### Work order
Would you please transcribe the data in full and exactly, excluding images?

### Data excerpt
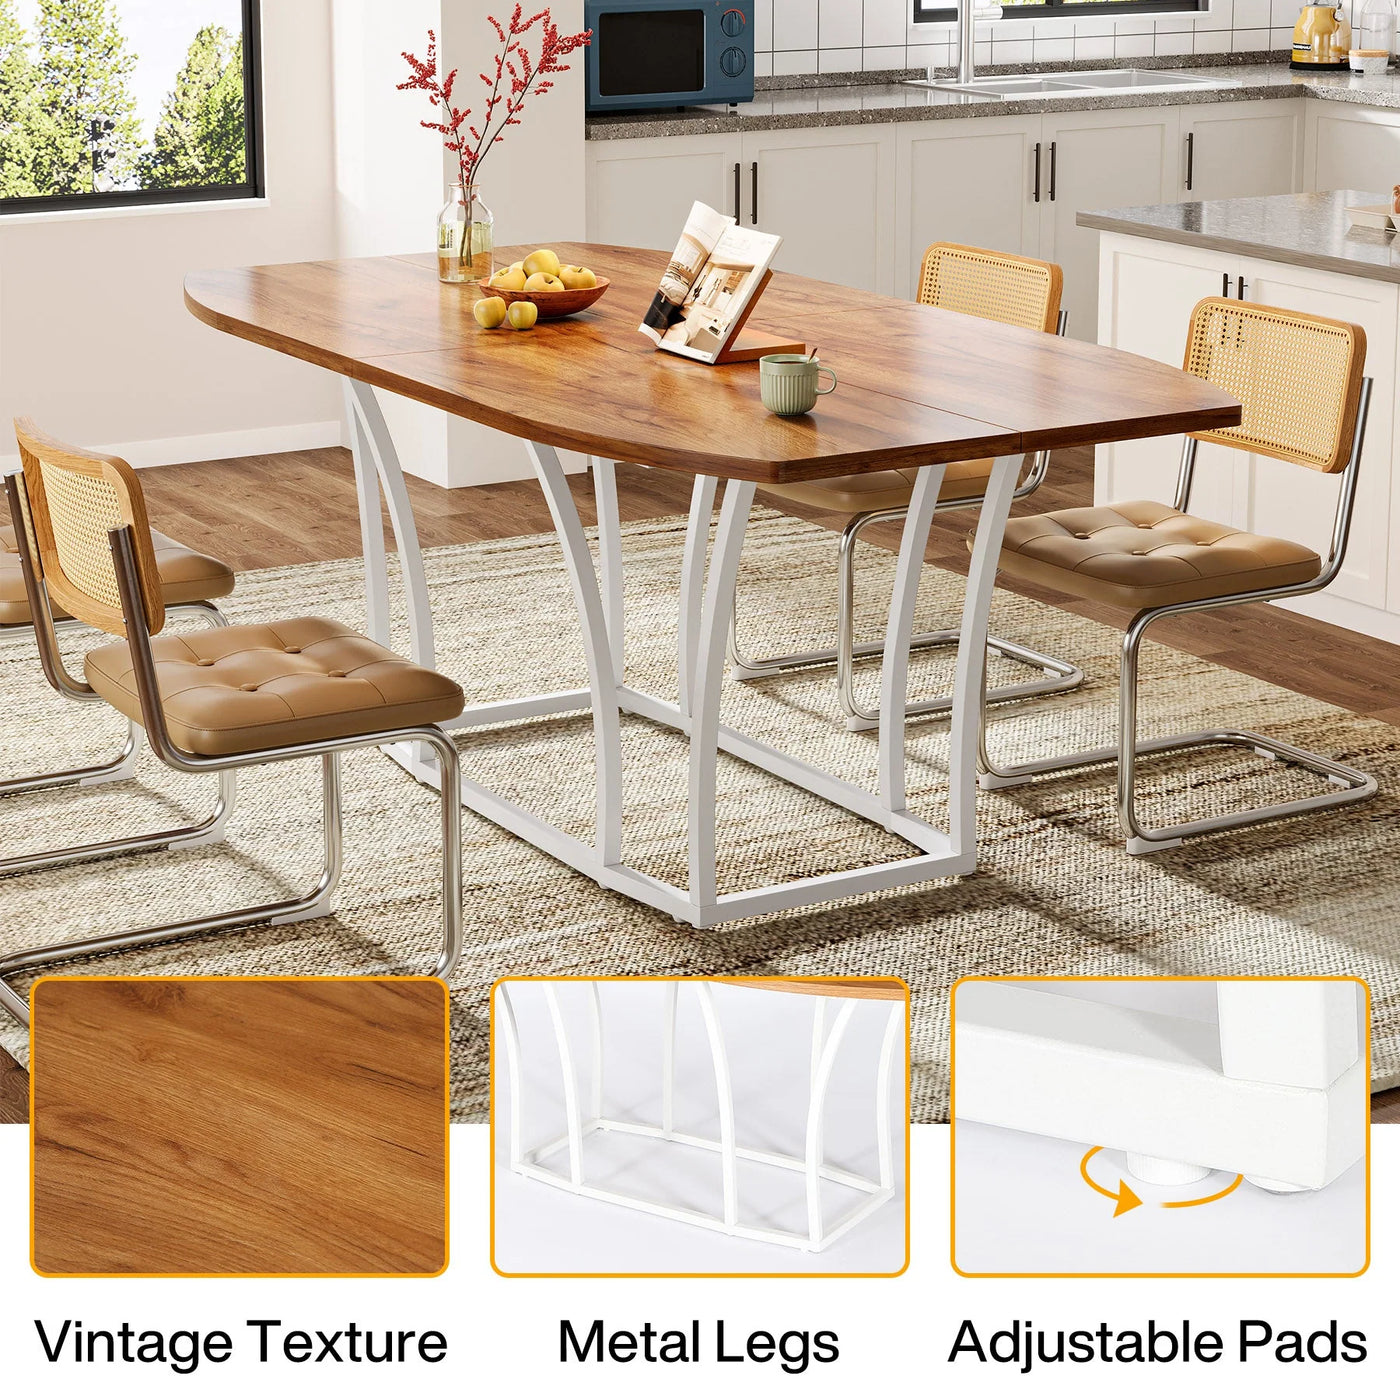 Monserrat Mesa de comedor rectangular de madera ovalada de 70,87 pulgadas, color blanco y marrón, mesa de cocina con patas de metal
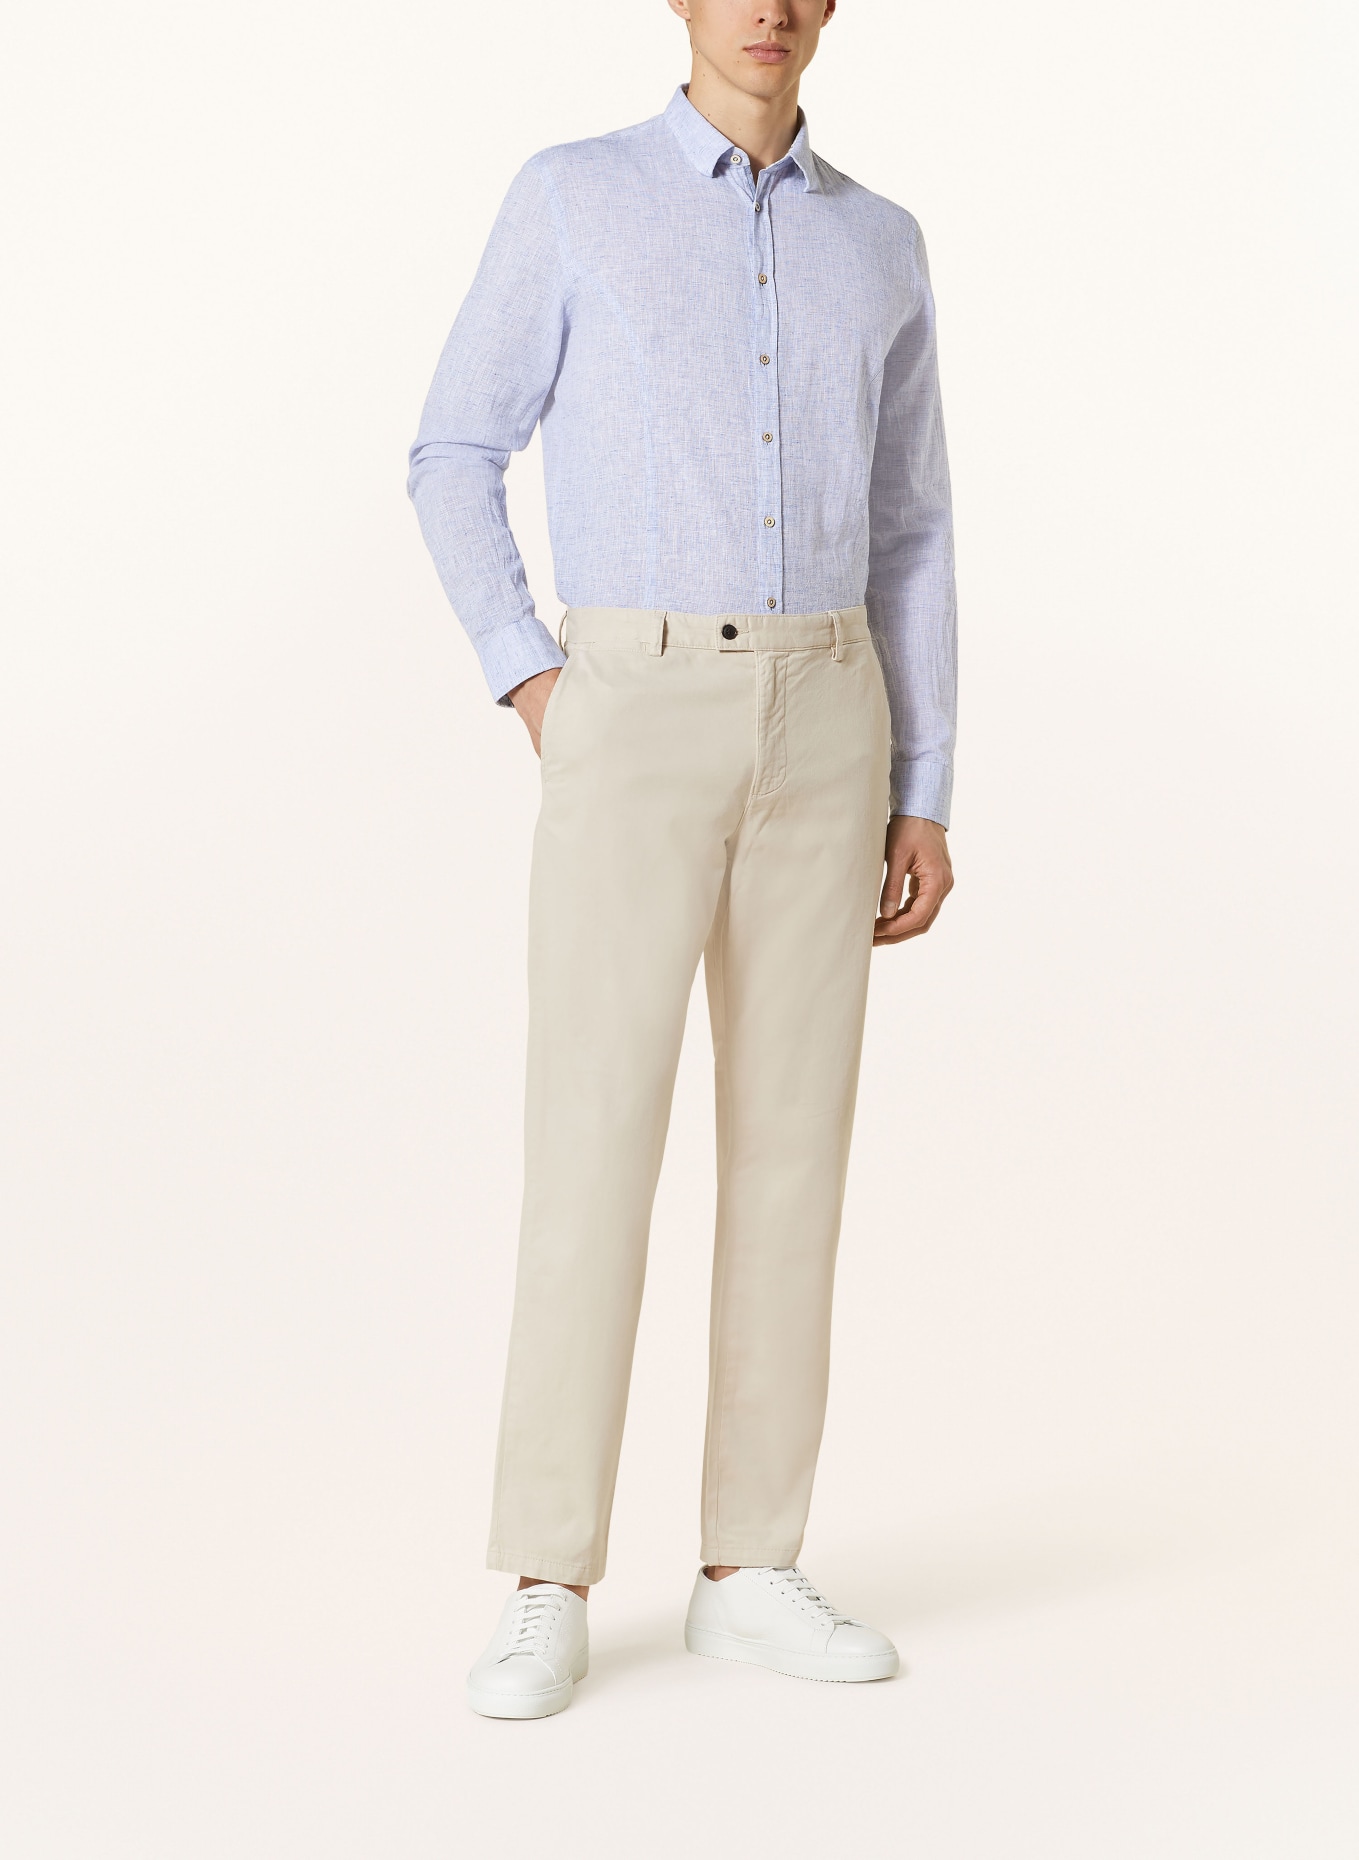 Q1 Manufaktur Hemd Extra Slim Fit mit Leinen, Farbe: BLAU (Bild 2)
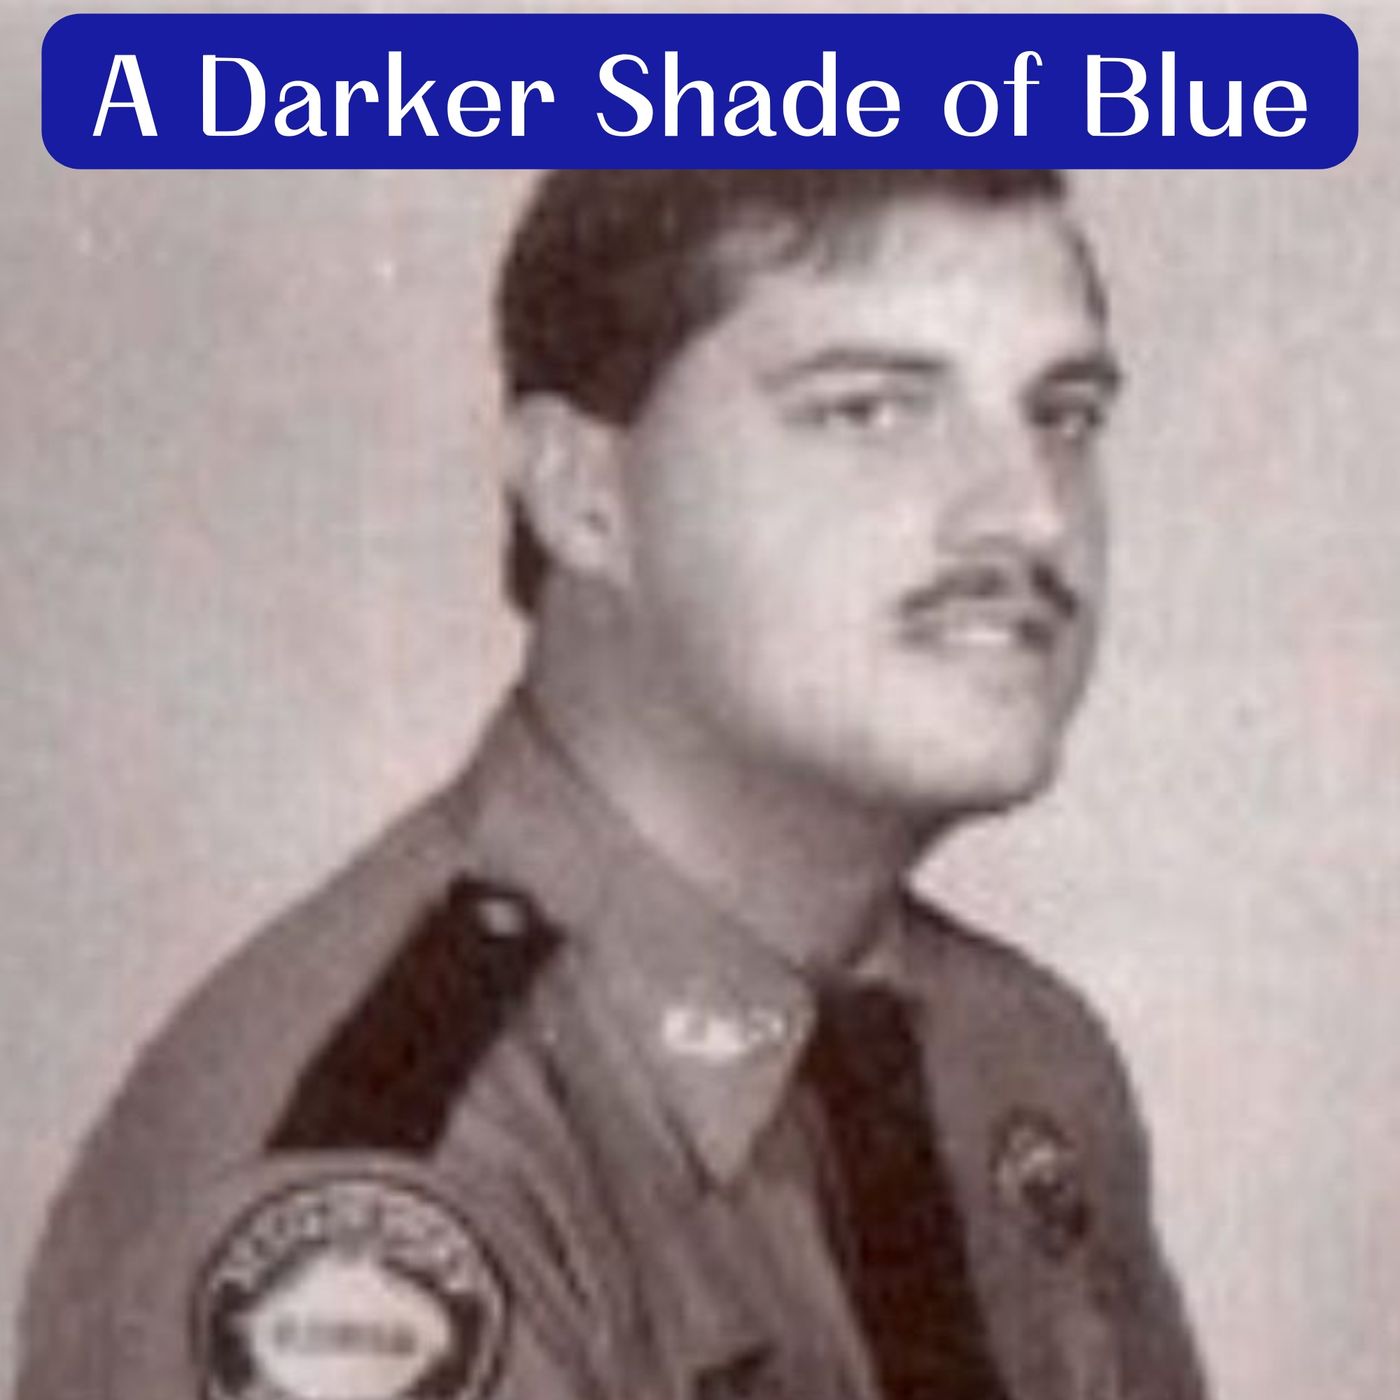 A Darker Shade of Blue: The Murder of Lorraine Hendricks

### Response below
 Monserrat Mesa de comedor rectangular de madera ovalada de 70,87 pulgadas, color blanco y marrón, mesa de cocina con patas de metal
 Q1 Manufaktur Hemd Extra Slim Fit mit Leinen, Farbe: BLAU (Bild 2)
 A Darker Shade of Blue: The Murder of Lorraine Hendricks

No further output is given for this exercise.